Réglée la crise de l’université après l’abrogation du décret 10-315 du 13 décembre 2010 ? Pas si sûr. Réunis, mercredi 22 février, en assemblée générale, les enseignants de l’université de Bejaia allument un véritable contre-feu contestataire.
En entendant décréter une préséance artificielle des diplômes du système LMD sur ceux du système classique, les rédacteurs de ce texte aussi vite promulgué qu’abrogé ont sans doute touillé dans le brasier dormant des suspicions nées avec la mise en place de cette nouvelle architecture des études qui se veut plus en phase avec les besoins du « secteur productif ».
Réunis, mercredi 22 février, en assemblée générale, les enseignants de l’université de Bejaia allument un véritable contre-feu contestataire.

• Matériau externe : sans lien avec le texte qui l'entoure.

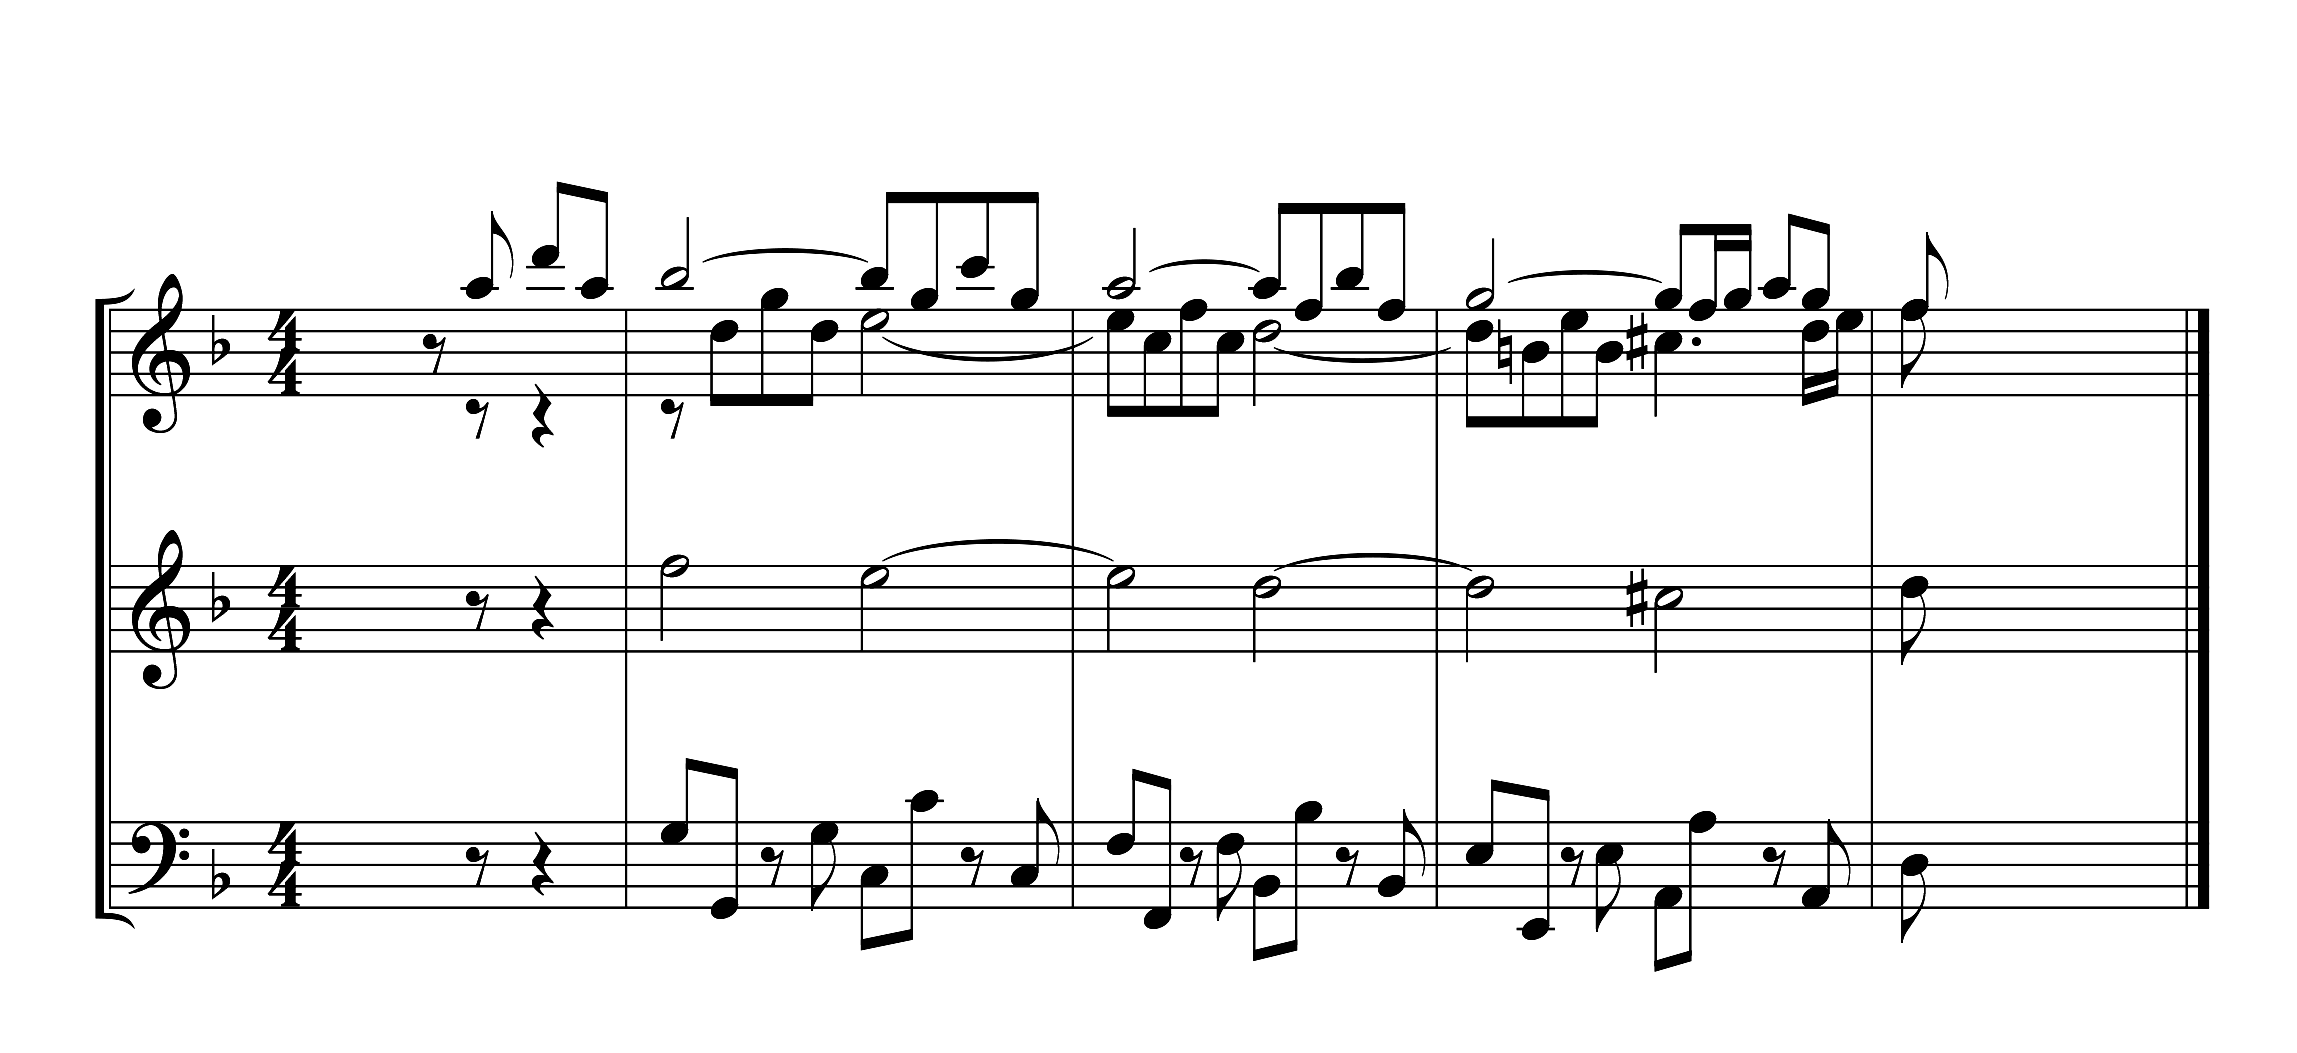 An excerpt from J.S. Bach's Brandenburg Concerto Number 2, movement 1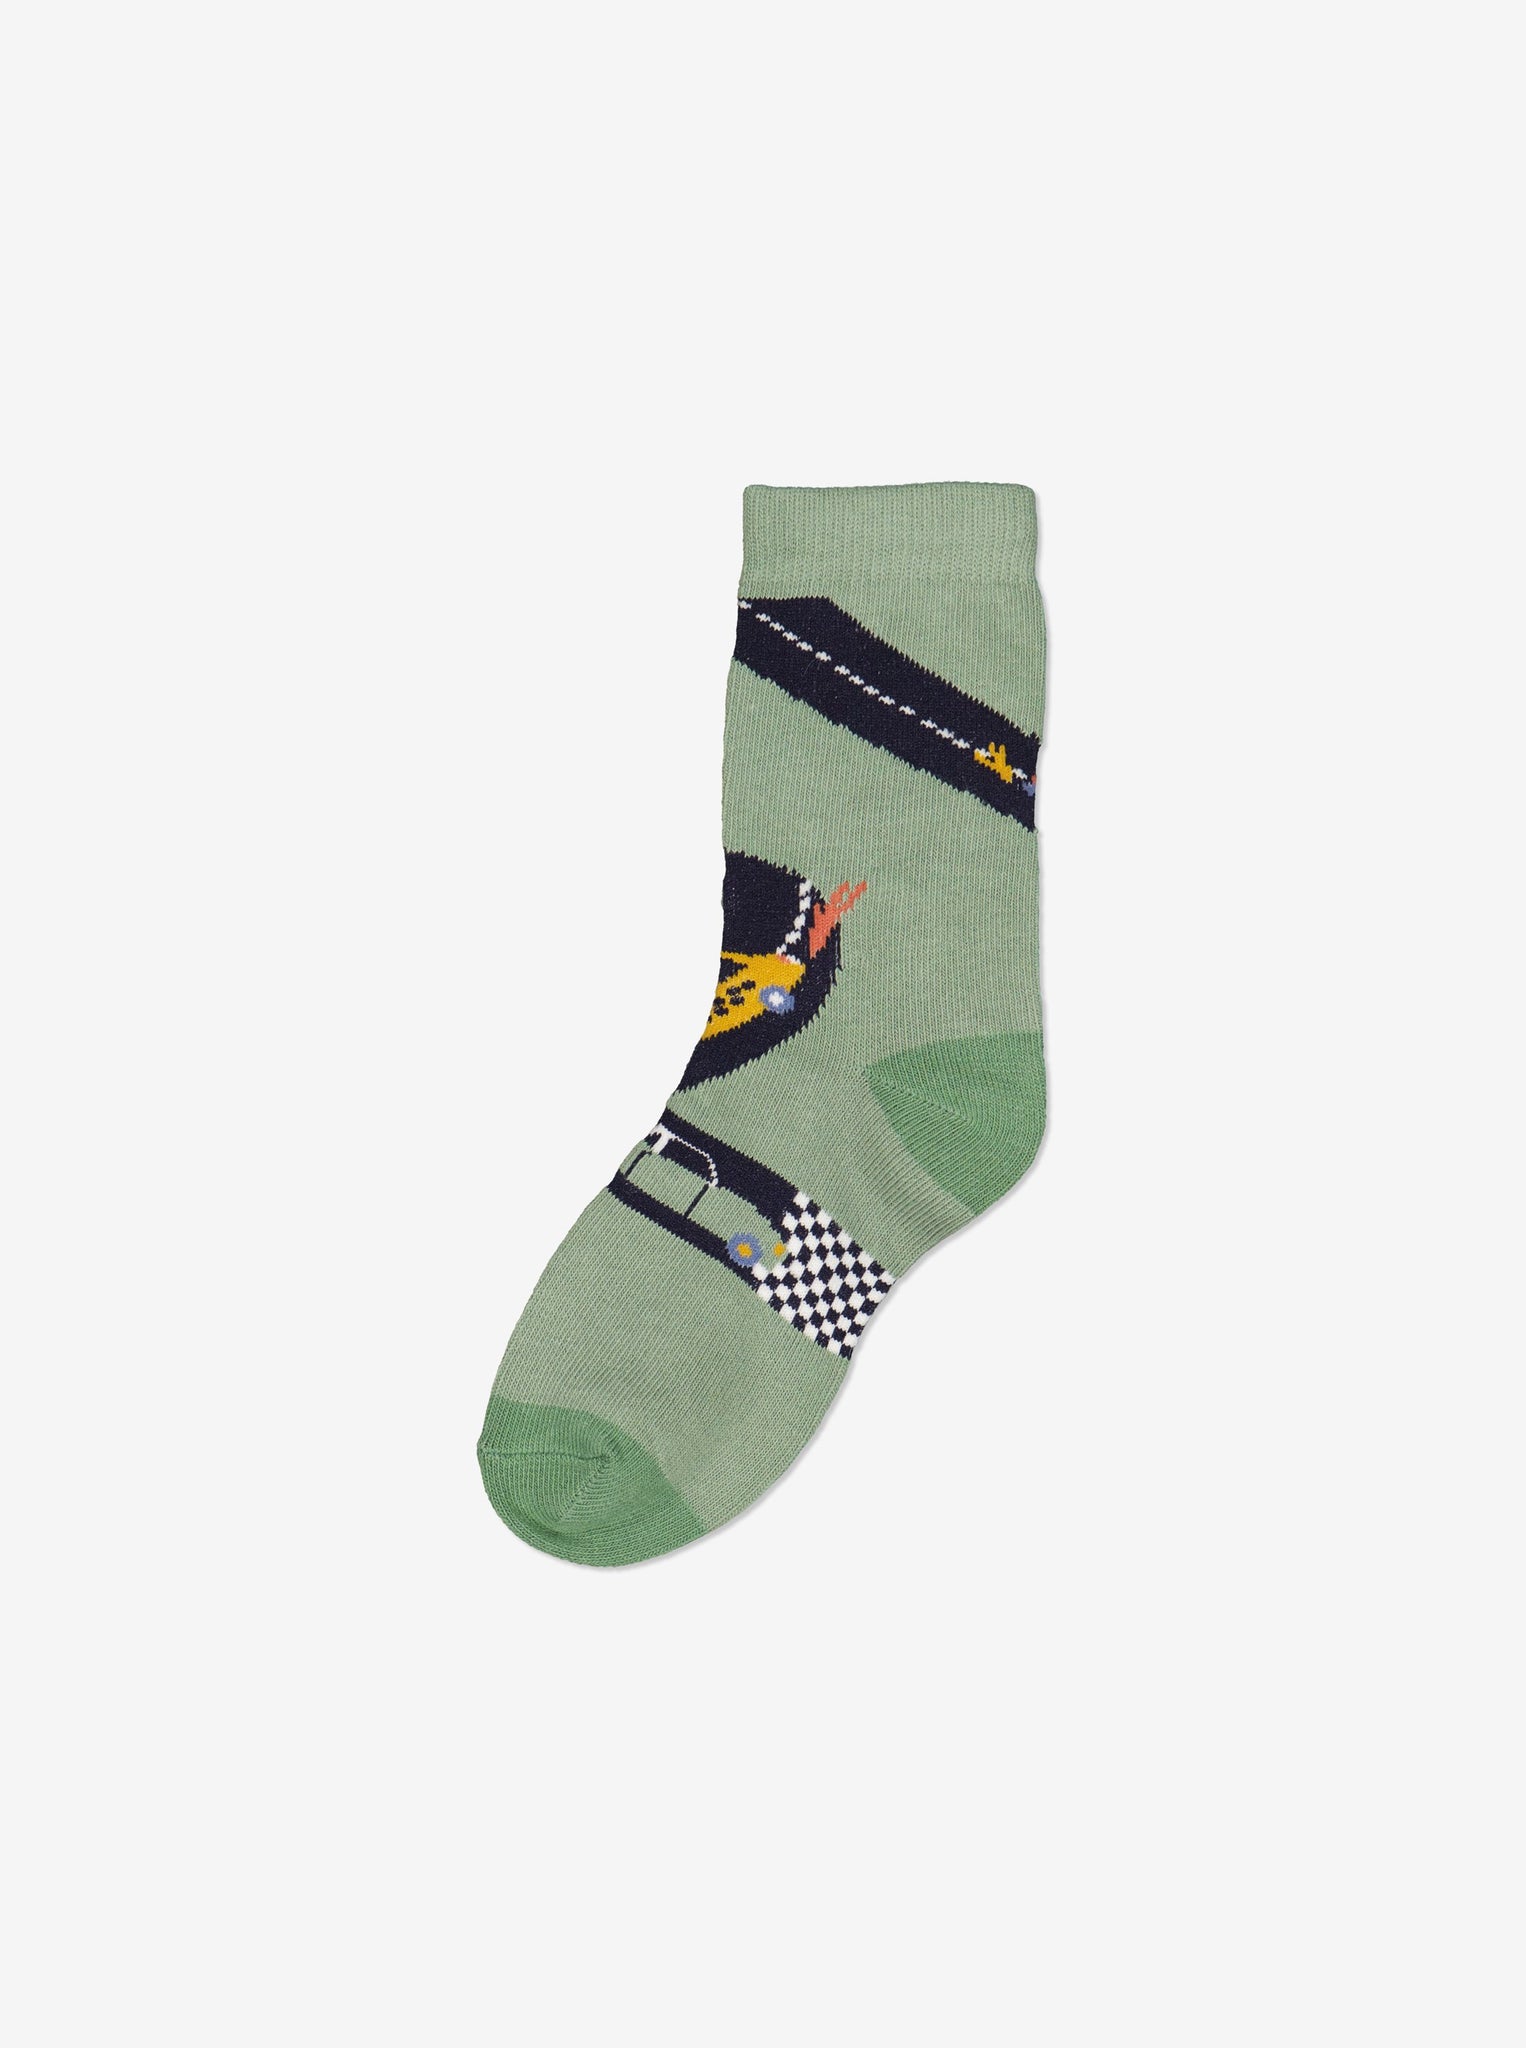  Organic Cotton Cars Kids Socks Multipack from Polarn O. Pyret Kidswear. Made from sustainably sourced materials.

Proclamant une remise en cause du fond même de la philosophie qui a prévalu à l’instauration du système LMD, ils refusent, écrivent-ils dans une déclaration publique, « la subordination des parcours universitaires à l’économie dont l’état actuel est discutable ».
Ils demandent, à travers cette même déclaration, la tenue d’états généraux de l’enseignement supérieur pour une évaluation « objective et scientifique » des systèmes LMD et classique inscrit, depuis plusieurs années, dans un processus d’extinction progressive.
Au préalable, les enseignants formulent quasiment une plate-forme de révolution démocratique en demandant la mise en place du « principe électif » à tous les échelons de la hiérarchie universitaire : recteurs, doyens, chefs de départements, etc.
Tendant la perche aux étudiants qu’ils veulent apparemment traiter en alliés de cette nouvelle cause, ils exigent la reconnaissance des comités pédagogiques élus par les étudiants eux-mêmes.
Ils saluent la victoire arrachée par la mobilisation de ceux-ci autour de l’abrogation du décret 10-315 du 13 décembre 2010 tout en avertissant contre le risque de « promulgation d’un texte similaire relevant du même esprit de fuite en avant ».
Ils dénient d’ailleurs la qualité d’ « autorité pédagogique » à la CNCE, la Conférence nationale des chefs d’établissements de l’enseignement supérieur qui avait recommandé au président de la République d’accepter les revendications des étudiants.
« Ses membres, écrivent les enseignants dans la même veine démocratique, ne sont que le prolongement politique de ceux qui les ont nommés ».
Bateau amiral du système LMD, c’est depuis Aboudaou, le flamboyant deuxième campus de l’université de Bejaia, que s’élèvent ainsi les clameurs d’un second souffle d’un mouvement né autour d’une revendication en apparence technique et quasiment gagnée d’avance.
Les enseignants entreprennent d’ôter le témoin aux étudiants pour donner le ton d’une contestation plus vaste visant une profonde refonte du système d’enseignement supérieur et une mise en écharpe du système LMD.
Véritable héraut de ce nouveau système de « formation supérieure », le très médiatique recteur de l’université de Bejaia est celui qui a inscrit les plus importantes ruptures avec le système classique malgré l’opposition, tantôt sourde tantôt assumée, des enseignants et des étudiants qui y voient un processus d’abandon de la vulgate académique et un apprêt à des options de privatisation latentes.